Interview with Sam Beam of Iron and Wine which I alluded to in Episode #90

| Interview by Joe Tangari |

Iron & Wine's Sam Beam made his name with a couple sparely recorded albums of haunting acoustic folk. His new album, The Shepherd's Dog, takes him to new territory, with a full band and a fair amount of studio wizardry, some of it courtesy producer Brian Deck.

Beam is also a man of multifarious talents-he's directed his own videos in the past and did the artwork for his new album himself. We caught up with him a week before the release of The Shepherd's Dog as he was preparing to embark on a tour of the Eastern U.S. and the UK.

Pitchfork: I imagine things must be pretty crazy for you right now, getting ready to release an album and go on tour.

Sam Beam: Well, it's busier than normal, but it's not too bad.

Pitchfork: You were in Britain earlier this year for one gig. Have you found audiences in Britain different from American audiences?

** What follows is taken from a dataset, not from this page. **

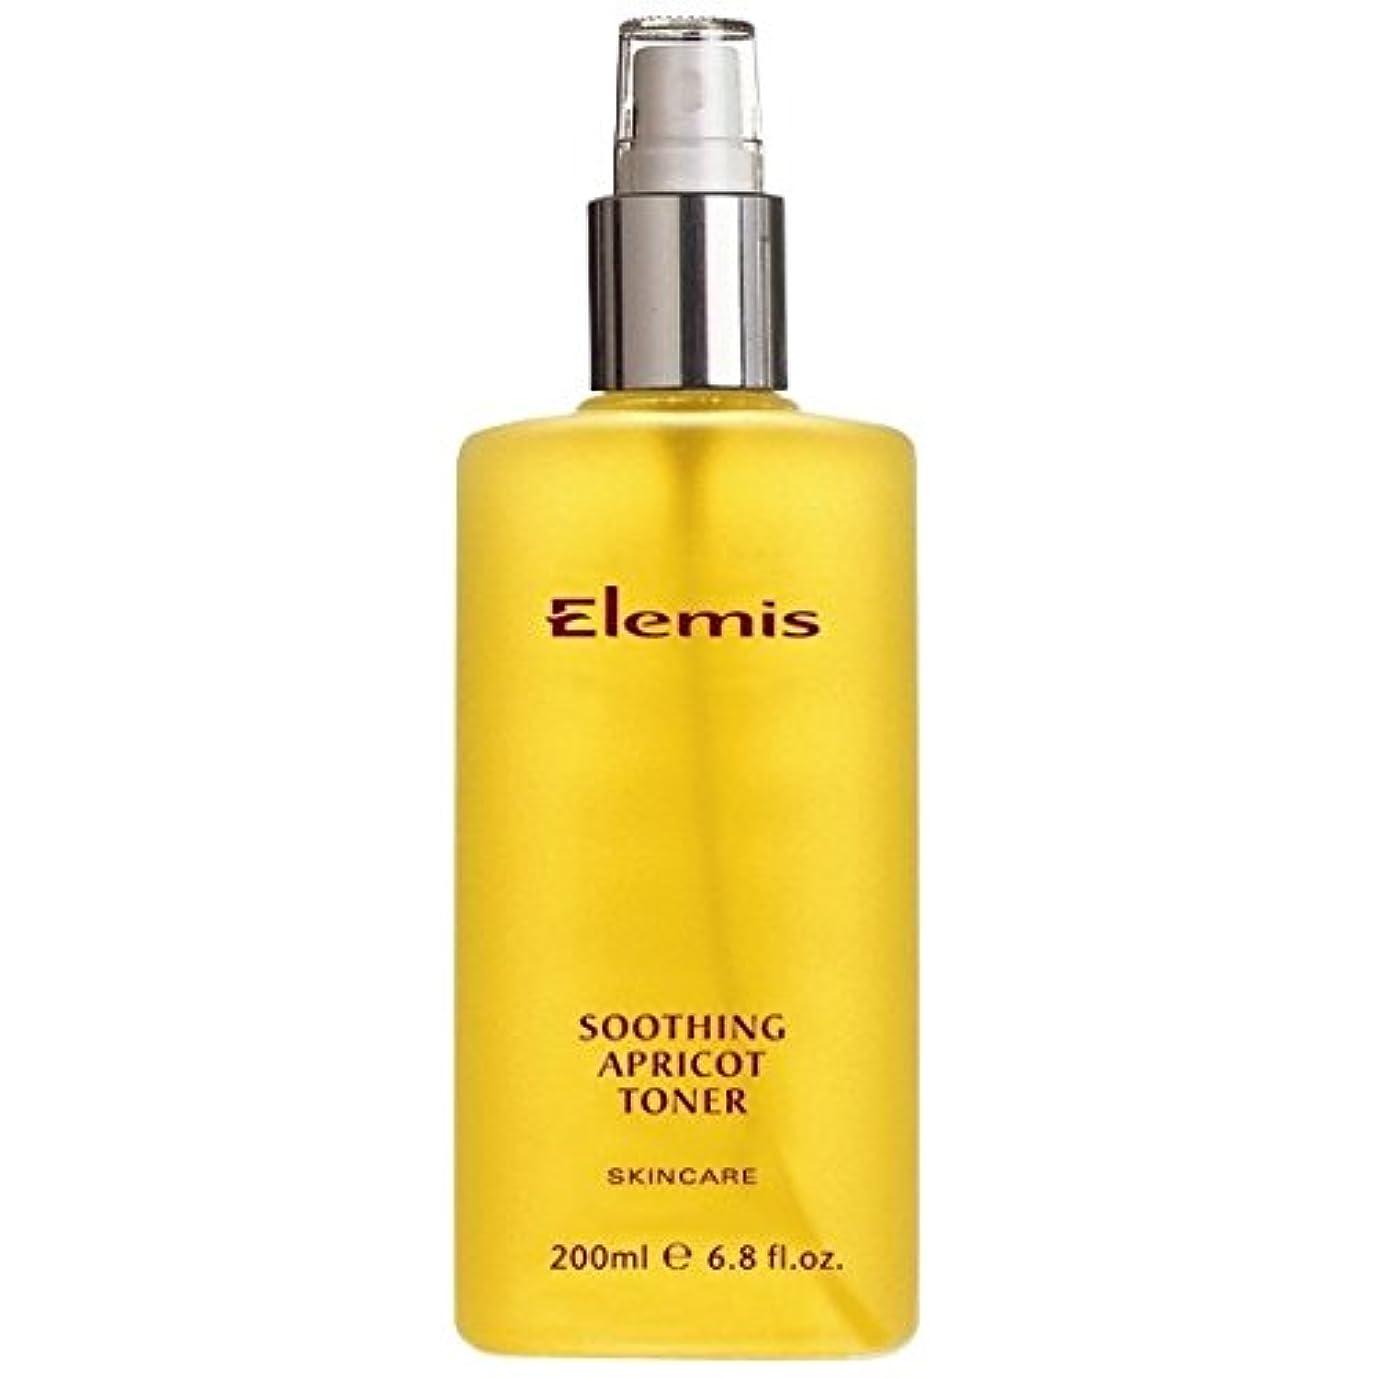 ロゴ比類なき混乱したエレミスはなだめるようなアプリコットトナーをスキンケア (Elemis) (x2) - Elemis Skincare Soothing Apricot Toner (Pack of 2) [並行輸入品]

SB: They're not really that different. There are good places to play and bad places but you could say that about America, too. But this will be good. We haven't toured there in a while.

Pitchfork: Are you touring with a full band?

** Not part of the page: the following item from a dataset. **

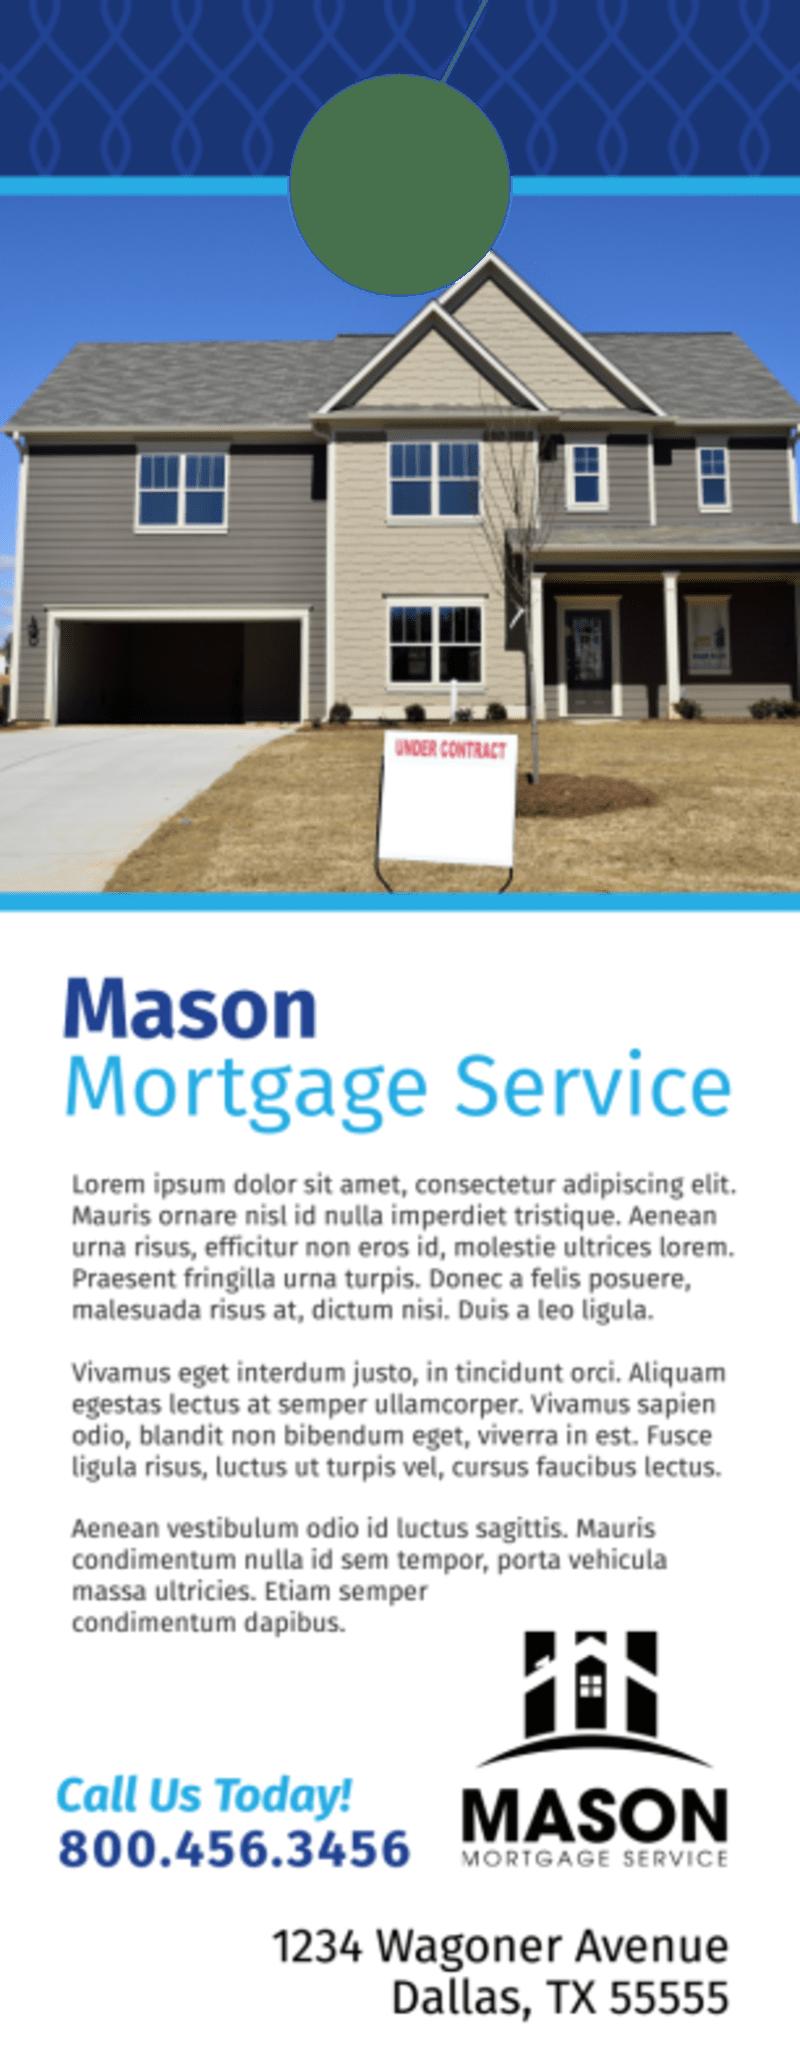 Blue Mortgage Door Hanger Template Preview 3

SB: It's like an eight-piece band now. There's Chad Taylor [Chicago Underground/Sea & Cake]. He's playing drums. Benny [Massarella] from Califone, who's playing percussion, Matt Lux [Isotope 217] on bass, Leroy Bach [formerly of Wilco] is gonna play keys and some guitar, Paul Niehaus is playing pedal steel, Patty [McKinney], who's been playing with me ever since I started playing with a band on guitar, and my sister's [Sarah Beam] coming. I think that's everybody.

Pitchfork: The new record is very different from your others, and I was struck by the seeming ease of the transition from the old, spare recordings to the fuller sound. Did you track all the songs with a full band or if you started with something more basic.

SB: I demo everything, just because I like to. But these were a bit less fleshed out than the others, because I knew I wanted to make a bit more complex record. I also knew I wanted to bring some other people in to do stuff that I couldn't do. So I left quite a bit of it open to leave room for surprises.

Pitchfork: Do you feel like having all the percussion around you frees you up as a guitarist at all?

SB: No, not really. It's all just kind of an intuitive thing. I don't really have much of a plan. The seeds of the song are still just me, the guitar, and a notebook. Sometimes the guitar line changes a bit, but not usually. Oftentimes, it's either putting percussion on it that stays out of the way of the guitar or purposely steps on it. It depends on the song, really.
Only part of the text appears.